A pesquisa foi feita na metade de novembro, com 6.727 usuários do App Webmotors, maior e mais tradicional portal de comércio eletrônico de veículos do Brasil. Cerca de 80% dos que querem comprar carro pretendem escolher um usado, e 20% um zero-quilômetro.

Moraes: “Terceiro ano seguido de recuperação, com expectativas ainda melhores para 2020”.

Entre a parcela de 21% de respondentes que não possuem carro no momento, 93% estão considerando comprar um modelo em 2020. “Obviamente a amostragem foi feita com um público que trafega por um portal de compra e venda de veículos, mas todos os indicadores são muito positivos, revelando que muita gente que adiou a compra por conta da crise vai realizar sua intenção em 2020”, destacou o presidente da Anfavea, Luiz Carlos Moraes.

Cerca de 70% dos que pretendem trocar de carro querem fazer isso logo no primeiro semestre.

Cerca de 70% dos que pretendem trocar de carro querem fazer isso logo no primeiro semestre. Mais da metade desse grupo tem carros com 5 a 12 anos de uso. E mais de 60% admitiram que teriam trocado de modelo antes, se não fosse o longo período de recessão no Brasil. Dos 12% que não querem comprar carro em 2020, cerca de 40% alegaram que o maior entrave ainda é a situação financeira.

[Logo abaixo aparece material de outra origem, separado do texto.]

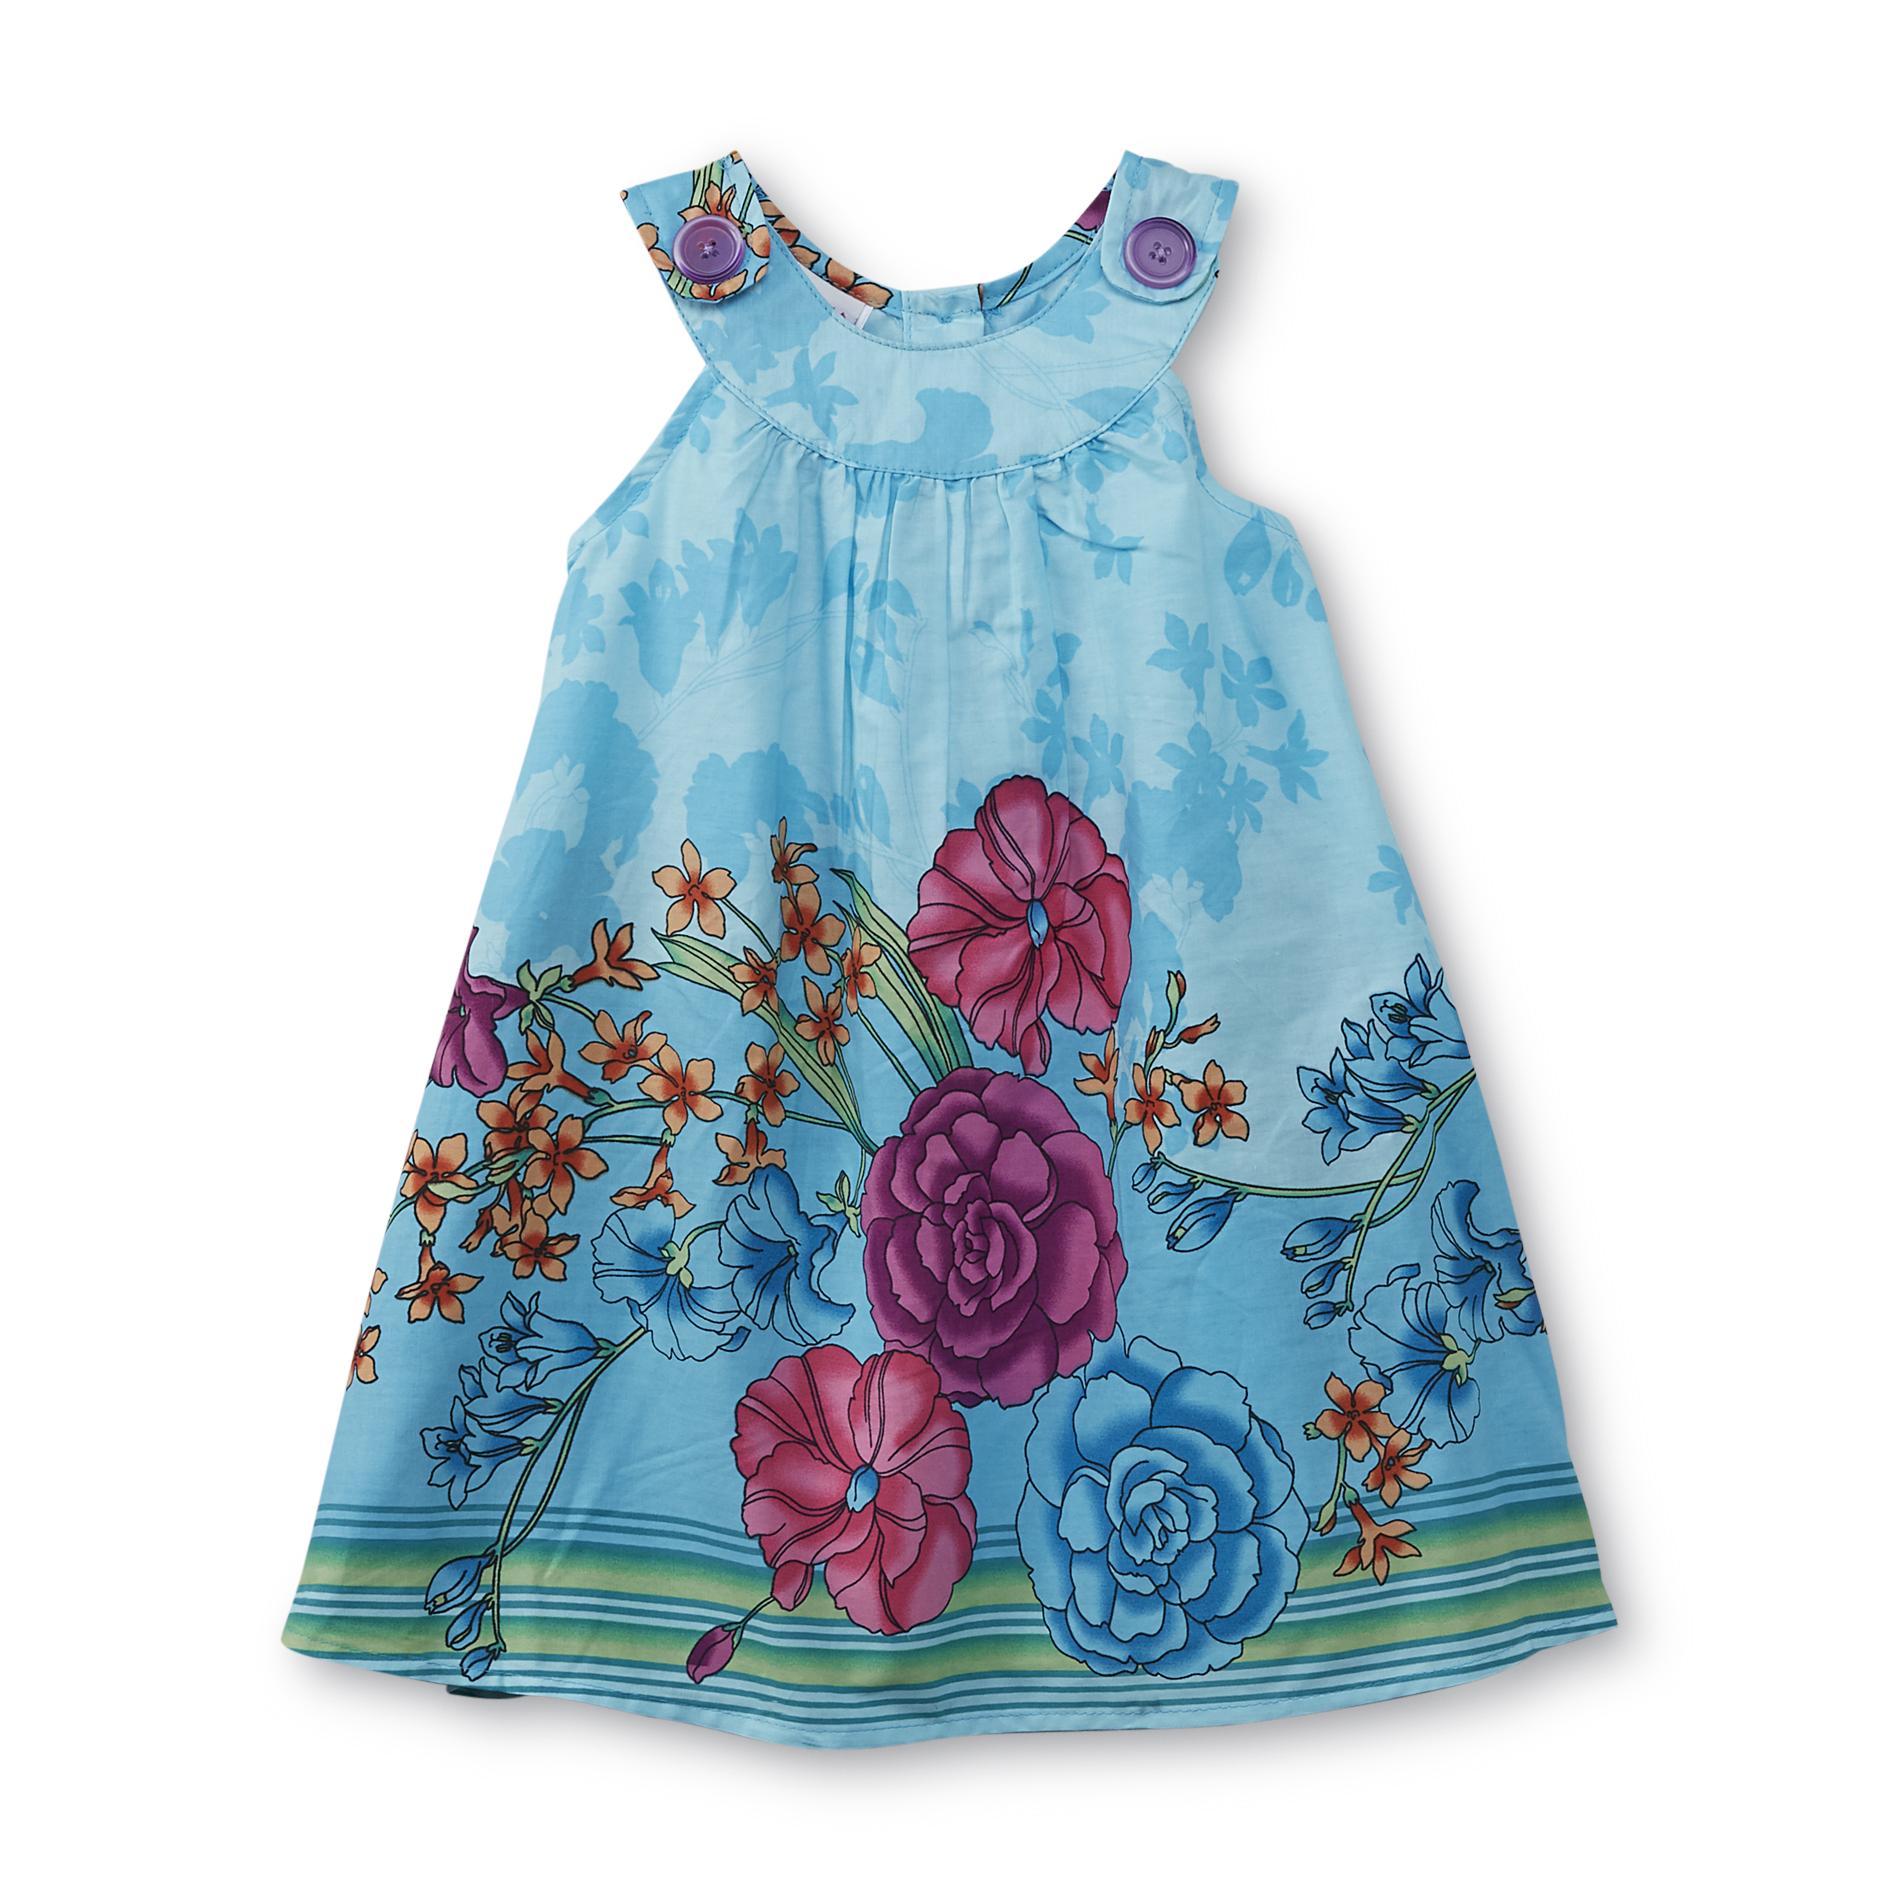 WonderKids Infant & Toddler Girl's Sleeveless Dress - Floral

Leia mais:  Suspensão imposta pela UE expõe combinação de falhas regulatórias do governo brasileiro

Melhor novembro

Além dos dados promissores da pesquisa, a Anfavea também divulgou os números de novembro na indústria. O licenciamento de 242,3 mil unidades foi o melhor para um mês de novembro desde 2014. A média diária de emplacamentos (12.344) foi a maior desde dezembro de 2014. A queda de 4,4% em relação a outubro é explicada pelos três dias úteis a menos, mas em relação ao mesmo mês de 2018, o crescimento foi de 4,9%.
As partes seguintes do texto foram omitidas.